Concept

English cuisine

Summary
English cuisine encompasses the cooking styles, traditions and recipes associated with England. It has distinctive attributes of its own, but also shares much with wider British cuisine, partly through the importation of ingredients and ideas from the Americas, China, and India during the time of the British Empire and as a result of post-war immigration. Some traditional meals, such as bread and cheese, roasted and stewed meats, meat and game pies, boiled vegetables and broths, and freshwater and saltwater fish have ancient origins. The 14th-century English cookbook, the Forme of Cury, contains recipes for these, and dates from the royal court of Richard II. English cooking has been influenced by foreign ingredients and cooking styles since the Middle Ages. Curry was introduced from the Indian subcontinent and adapted to English tastes from the eighteenth century with Hannah Glasse's recipe for chicken "currey". French cuisine influenced English recipes throughout the Victorian era.
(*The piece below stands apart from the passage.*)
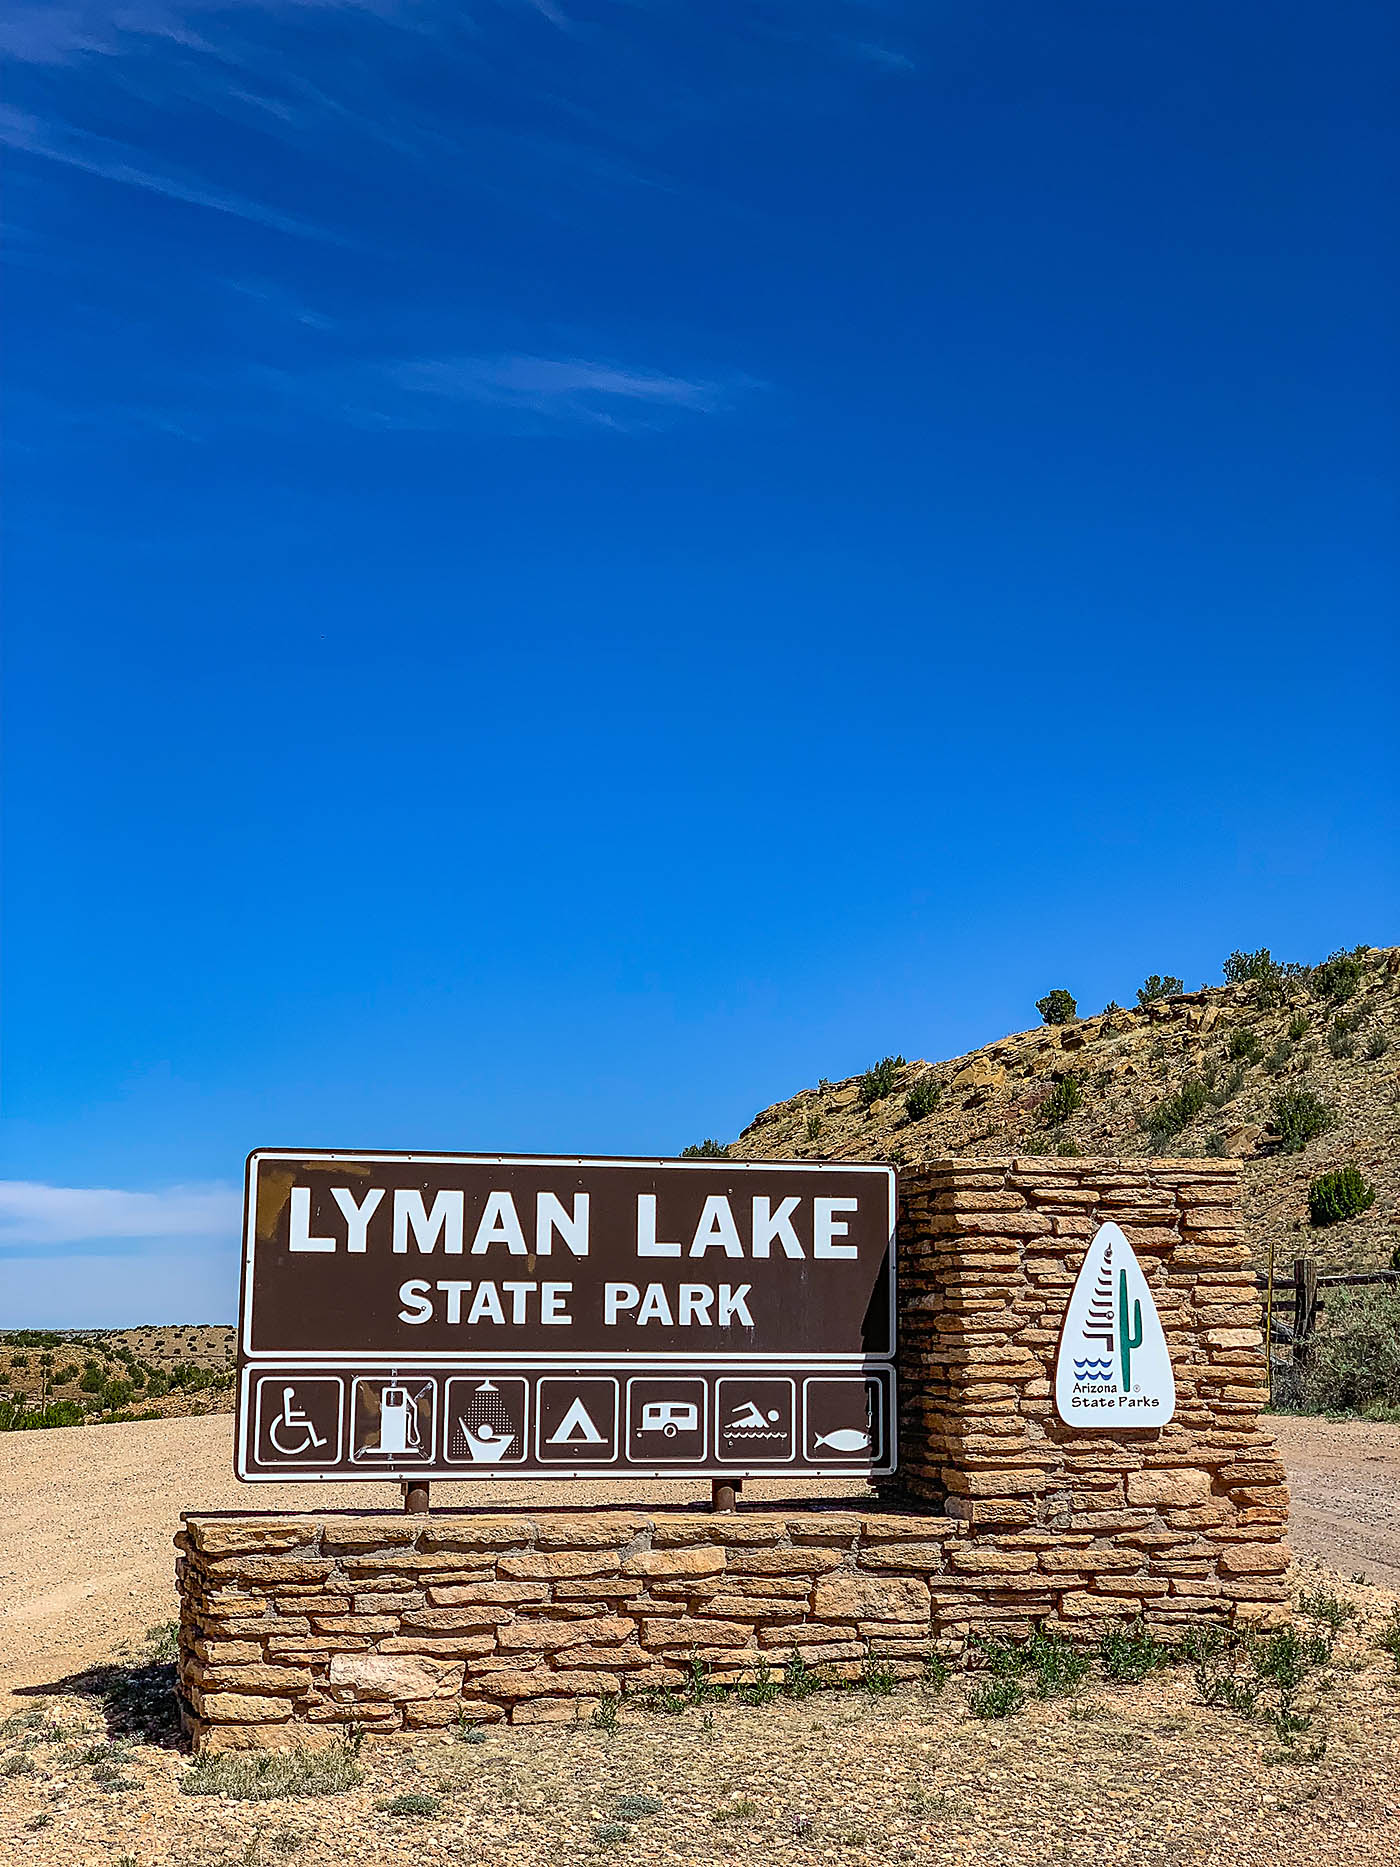 What to do at Lyman Lake - an Arizona State Park

After the rationing of the Second World War, Elizabeth David's 1950 A Book of Mediterranean Food had wide influence, bringing Italian cuisine to English homes. Her success encouraged other cookery writers to describe other styles, including Chinese and Thai cuisine. England continues to absorb culinary ideas from all over the world. English cooking has developed over many centuries since at least the time of The Forme of Cury, written in the Middle Ages around 1390 in the reign of King Richard II. The book offers imaginative and sophisticated recipes, with spicy sweet and sour sauces thickened with bread or quantities of almonds boiled, peeled, dried and ground, and often served in pastry. Foods such as gingerbread are described. It was not at all, emphasises Clarissa Dickson Wright in her A History of English Food, a matter of large lumps of roast meat at every meal as imagined in Hollywood films. Instead, medieval dishes often had the texture of a purée, possibly containing small fragments of meat or fish: 48% of the recipes in the Beinecke manuscript are for dishes similar to stews or purées.